## [Records for the exercise]
=== Begin Enclosure ===

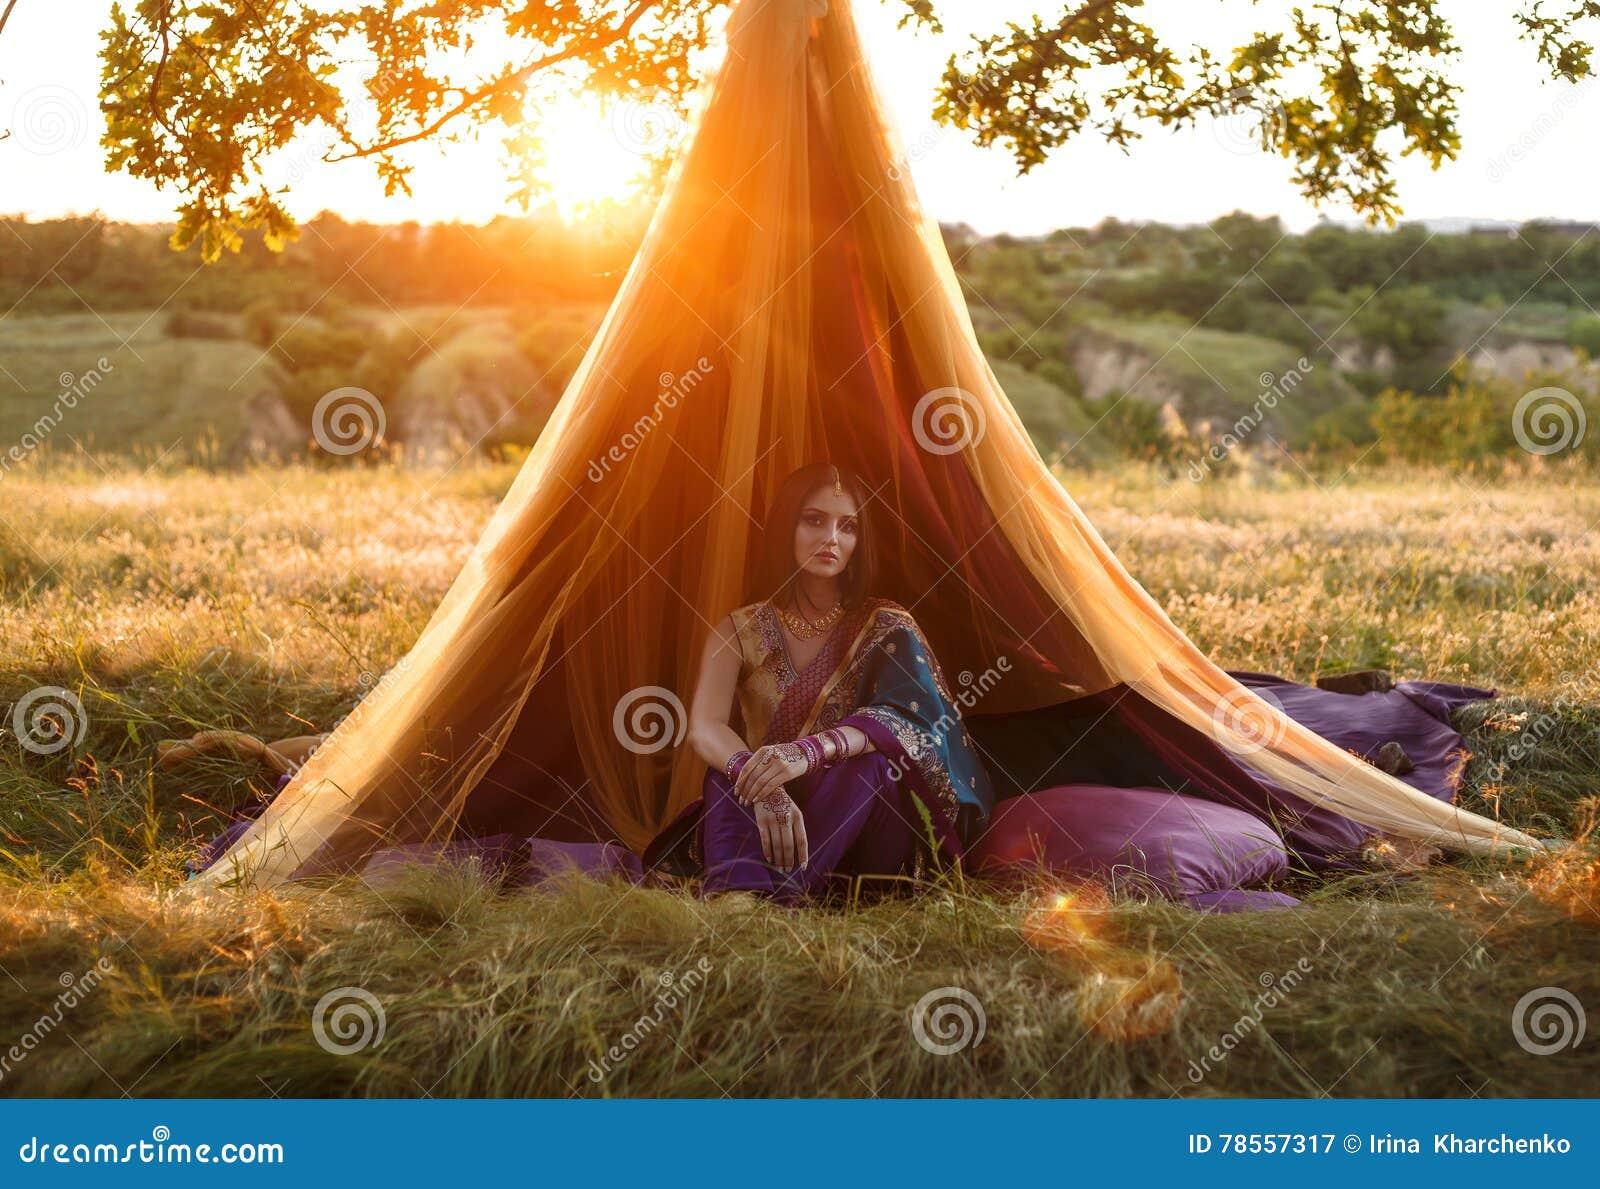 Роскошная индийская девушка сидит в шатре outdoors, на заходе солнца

=== End Enclosure ===
=== Begin Enclosure ===

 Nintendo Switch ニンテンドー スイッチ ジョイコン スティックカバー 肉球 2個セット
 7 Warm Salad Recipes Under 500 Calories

=== End Enclosure ===
=== Begin Enclosure ===

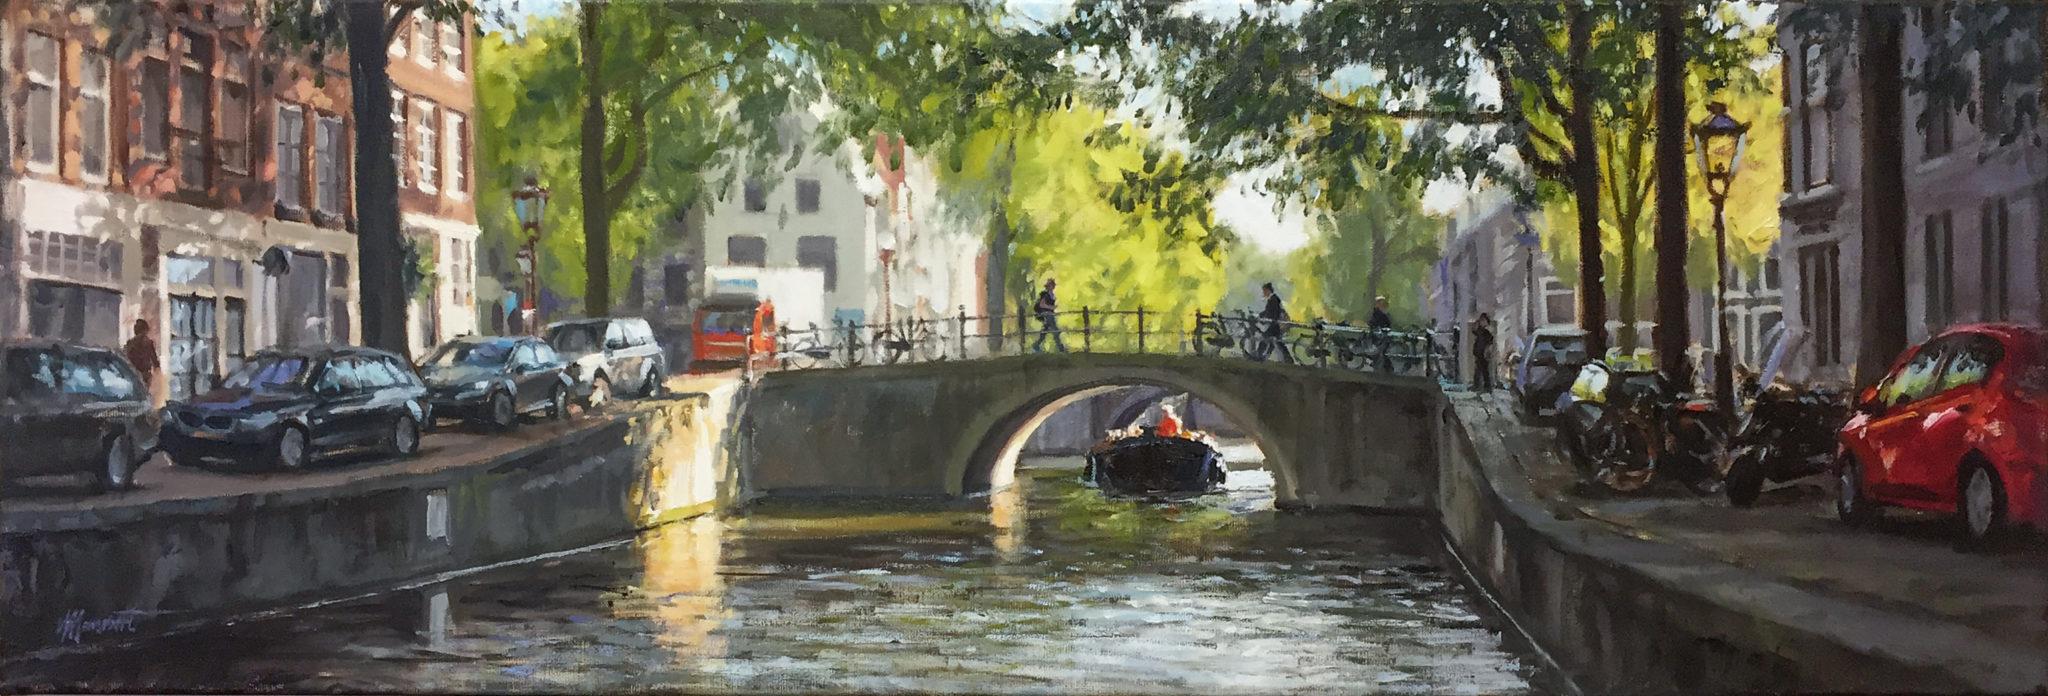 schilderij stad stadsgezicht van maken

=== End Enclosure ===

## [What this task involves]
Reproduce exactly the lines of the records above from the one with "Nintendo Switch ニンテンドー" to the one with "7 Warm Salad Recipes Under 500 Calories", both included, and leave out everything else.

## [Result of the exercise]
 Nintendo Switch ニンテンドー スイッチ ジョイコン スティックカバー 肉球 2個セット
 7 Warm Salad Recipes Under 500 Calories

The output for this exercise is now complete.